DIRECTIONS FOR THIS TASK –
Would you repeat the whole listing exactly, pictures excluded?

DATA SEGMENT –
· · · · · · ·

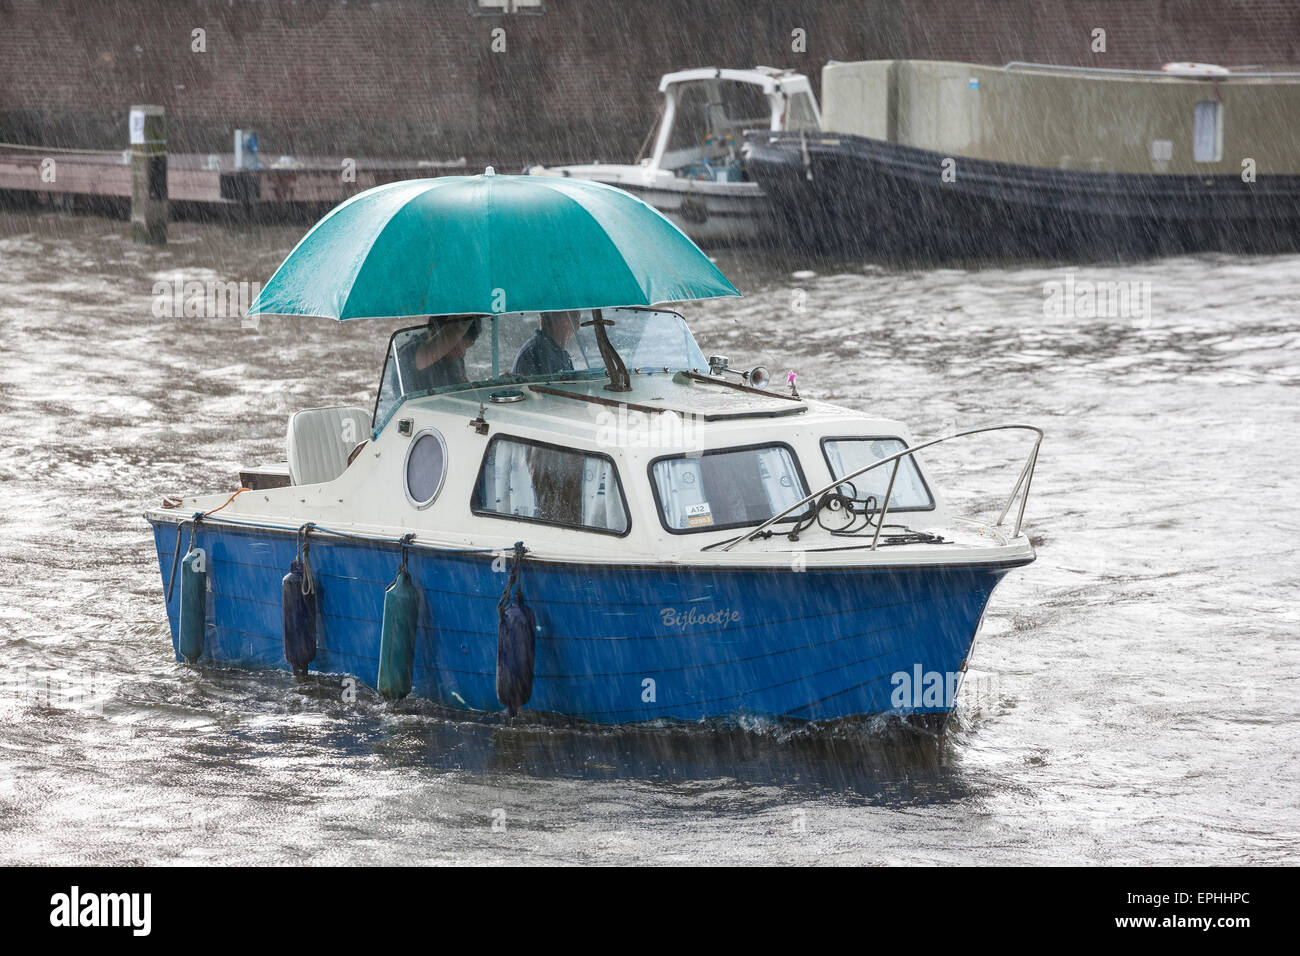 Amsterdam raining. Small boat, small cabin cruiser in sudden summer rain with large umbrella in Amsterdam canal Stock Photo
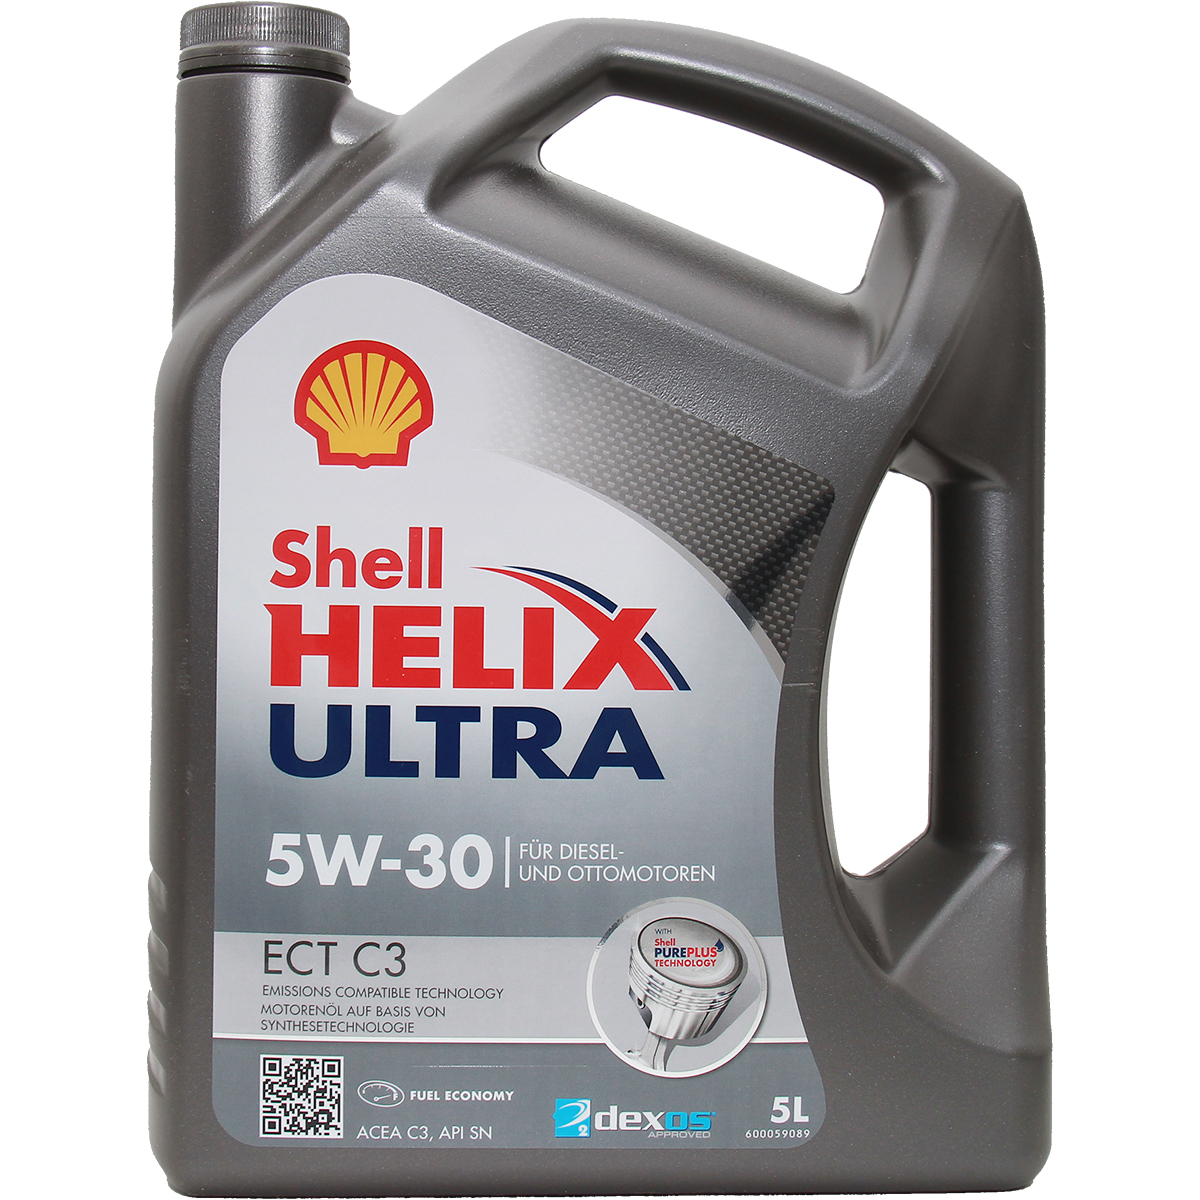 Shell Helix Ultra ECT C3 5W-30 5 Liter
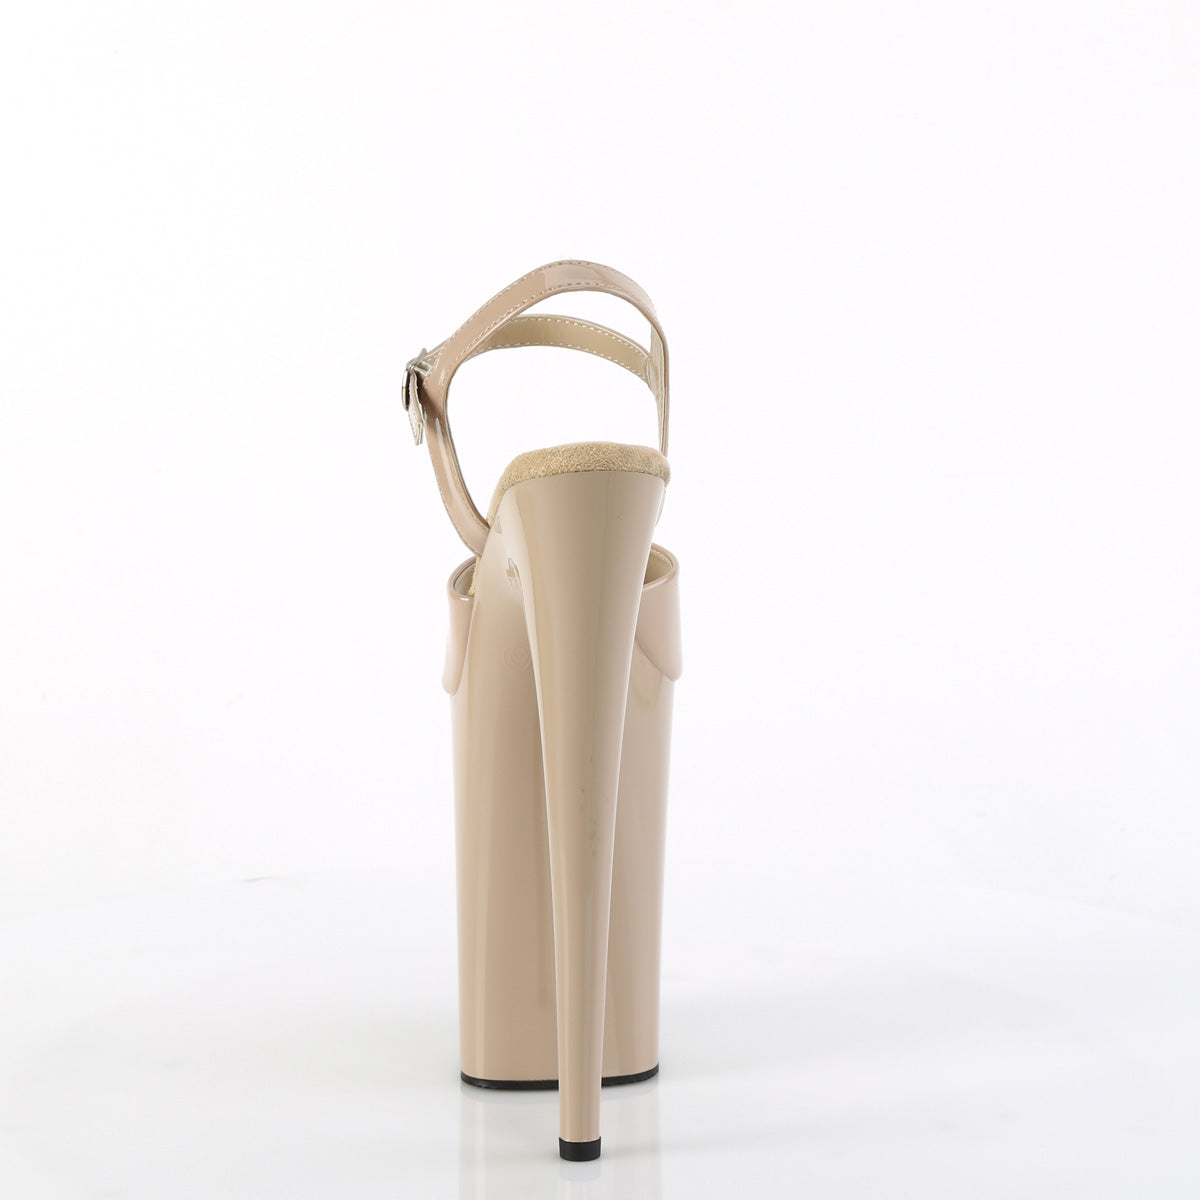 INFINITY-909 Pleaser Nude Patent/Nude Platform Shoes [9 Inch High Heels]
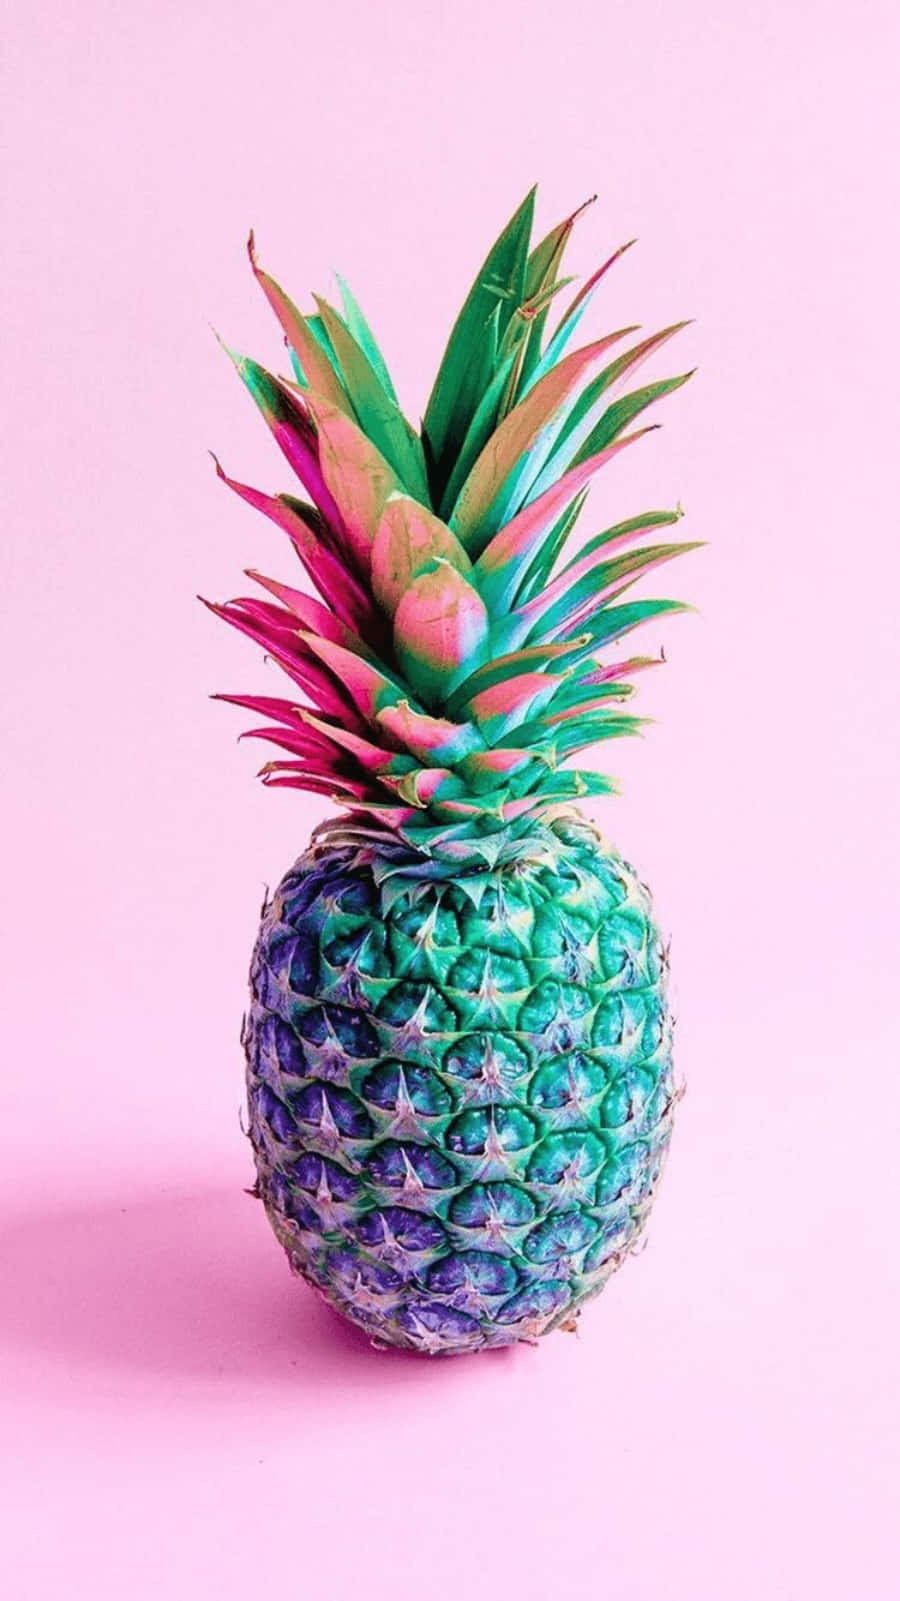 Appreciate the beauty of a ripe pineapple.

· · · · · · ·

YOUR RESPONSE –
 Amsterdam raining. Small boat, small cabin cruiser in sudden summer rain with large umbrella in Amsterdam canal Stock Photo
 Shell Helix Ultra ECT C3 5W-30 5 Liter
 INFINITY-909 Pleaser Nude Patent/Nude Platform Shoes [9 Inch High Heels]
 Appreciate the beauty of a ripe pineapple.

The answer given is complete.